Finding the closest friend in a crowd.
Imagine you walk into a crowded room and want the person standing physically closest to you. The honest way is to measure your distance to every single person, then pick the smallest. Slow, but it cannot miss. Nearest-neighbor search is exactly that, except the "people" are the passage points in the store and "you" are the question, turned into its own point.
The store already holds every passage as a point (its embedding). At question time you embed the question into a point too, then ask: which stored points are nearest to this one? Closeness here means similarity of meaning (you saw how to measure it with cosine in Unit 1). Near in space is near in meaning.
Nearest-neighbor search turns "find the relevant passages" into a geometry question: which stored points sit closest to the question's point.
Brute force, the honest way.
The simplest method is brute force, and it is worth doing once by hand so the idea is concrete. Three steps: compare the query to every stored vector, sort by closeness, take the top few. Here is a tiny store of five passages, with a made-up closeness score for each (higher is closer):
query vs every stored passage, scored, then sorted
p3 0.91 ← closest
p1 0.88 ←
p5 0.62
p2 0.40
p4 0.15 ← farthest
Ask for the top-k, the k closest, and with k = 2 you get back p3 and p1. That "k" is just how many neighbors you want: top-5 means the five closest passages, the shortlist you will hand to the next stage. Brute force always returns the true closest, because it checked everyone.

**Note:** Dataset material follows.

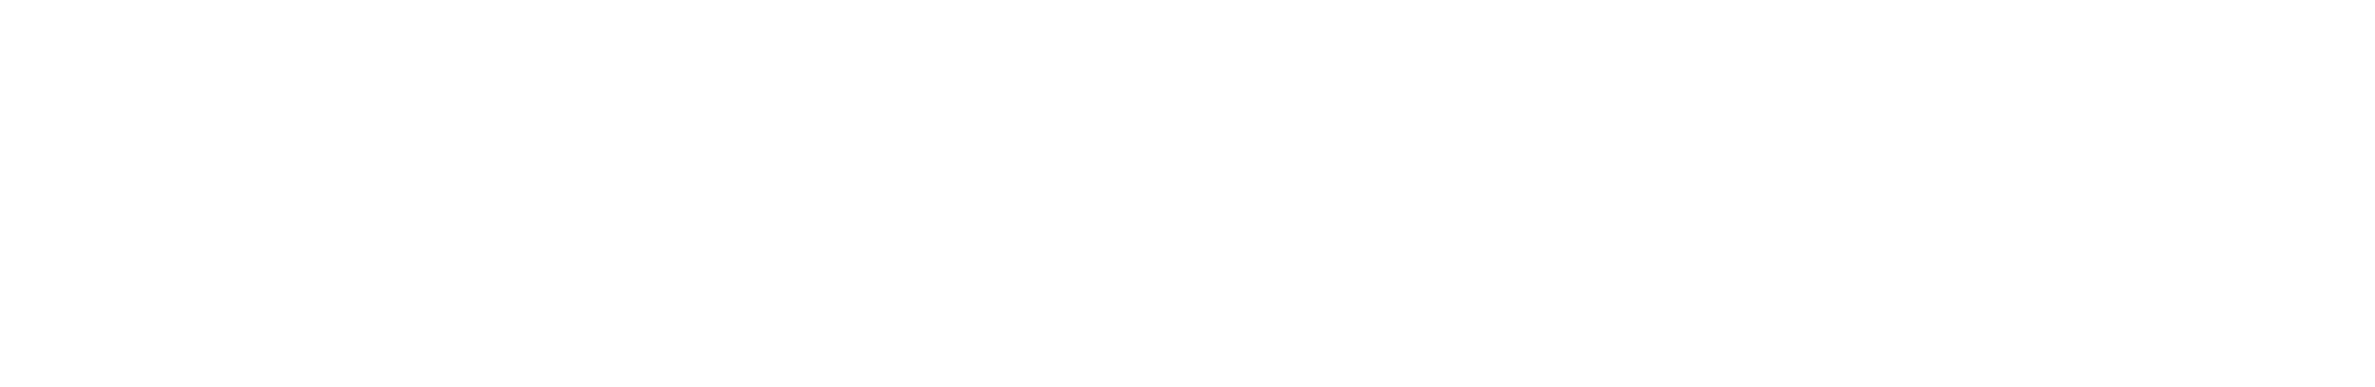 东莞市合菱机电科技有限公司
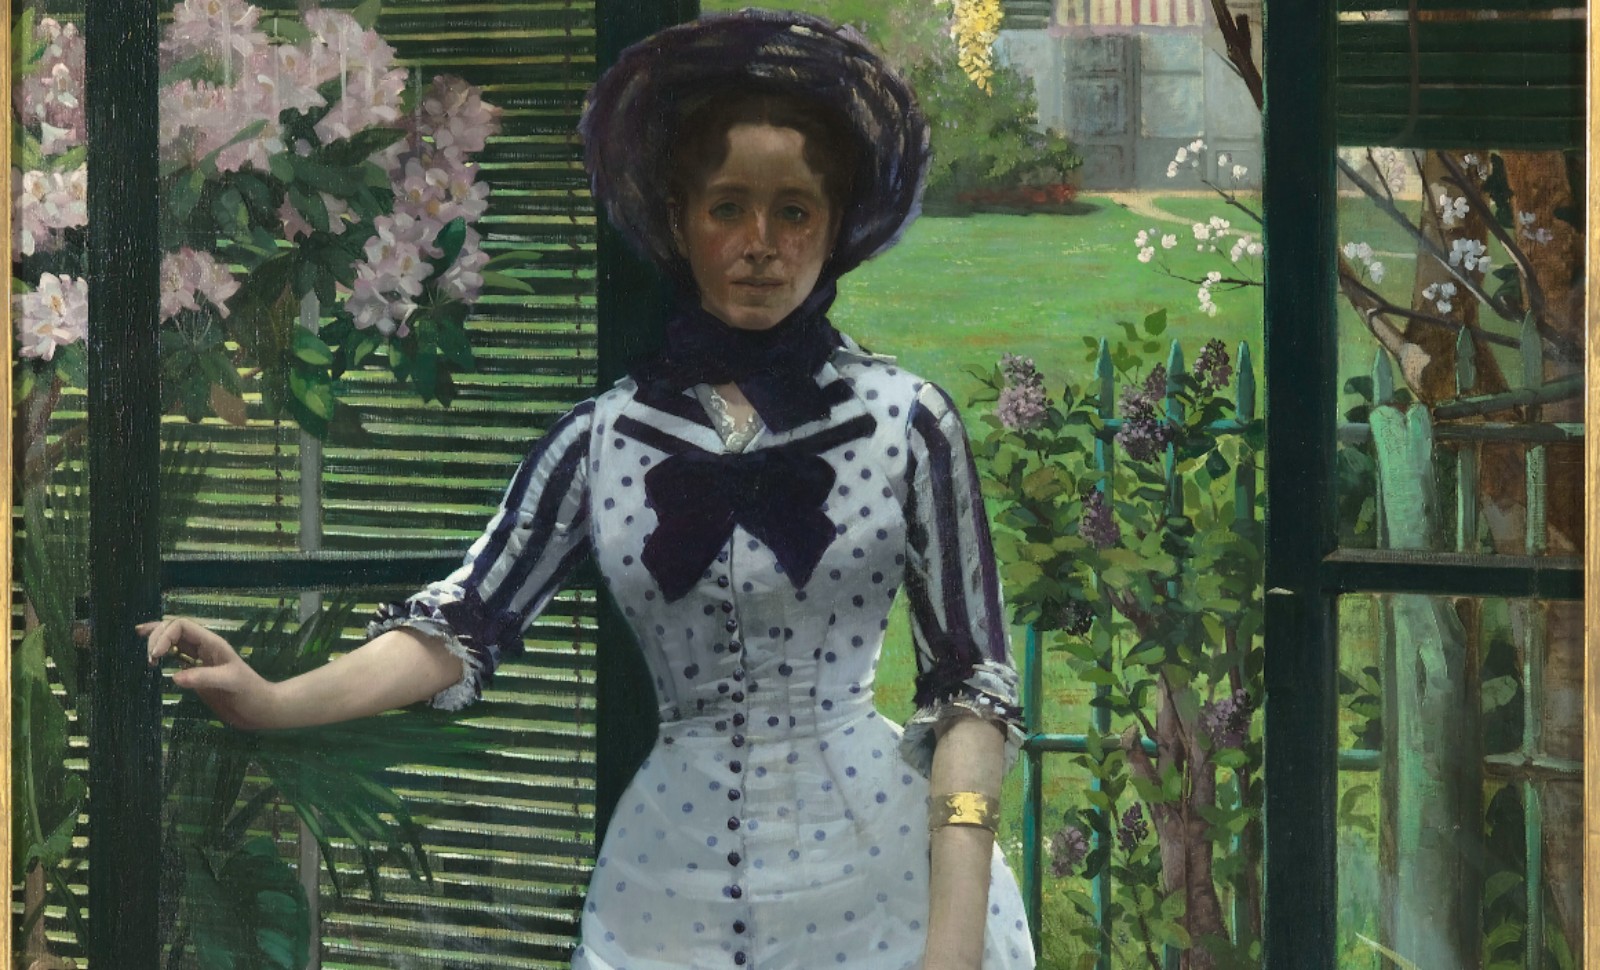 « Côté jardin: de Monet à Bonnard », une exposition qui ne pouvait avoir lieu qu’à Giverny!

Why brute force stops working.
Five passages is nothing. The trouble is the cost grows with the size of the store. Comparing against every vector means the work doubles when the store doubles. Five comparisons is instant. A store with a million passages means a million comparisons for every single question, and the comparisons themselves are not free, since each is across hundreds of numbers in the vector.
Back to the crowded room: measuring your distance to four people is easy. Measuring it to every person in a packed stadium, for every newcomer, every second, is hopeless. At serving time you have a few milliseconds to answer, not seconds. Brute force is correct and too slow at scale.
The shortcut: approximate, but fast.
The fix is to stop insisting on the perfect answer. Approximate nearest-neighbor search (ANN) organizes the points ahead of time so a query only has to look at a small, promising slice of them instead of all of them. Back in the stadium: instead of measuring everyone, you go straight to the section where people like you tend to sit, and search just there.
The trade is in the name. Approximate means it might occasionally miss a true neighbor that was sitting in a section it skipped. In exchange it is far faster, often turning a million comparisons into a few thousand. For retrieval that is a great deal: you give up a sliver of accuracy and gain orders of magnitude in speed. The next lesson gives you the number that measures exactly how much you gave up.
Exact search (brute force) always finds the true closest but scales with the whole store. Approximate search (ANN) trades a little accuracy for big speed by only searching a promising slice.
Key takeaways
Brute force compares the query to every stored vector, sorts by closeness, and takes the top-k. It is exact but never skips anyone.
Its cost grows with the size of the store, so it becomes too slow once you have many passages and a tight time budget.
Approximate nearest-neighbor search (ANN) searches only a promising slice, trading a little accuracy for a large speedup.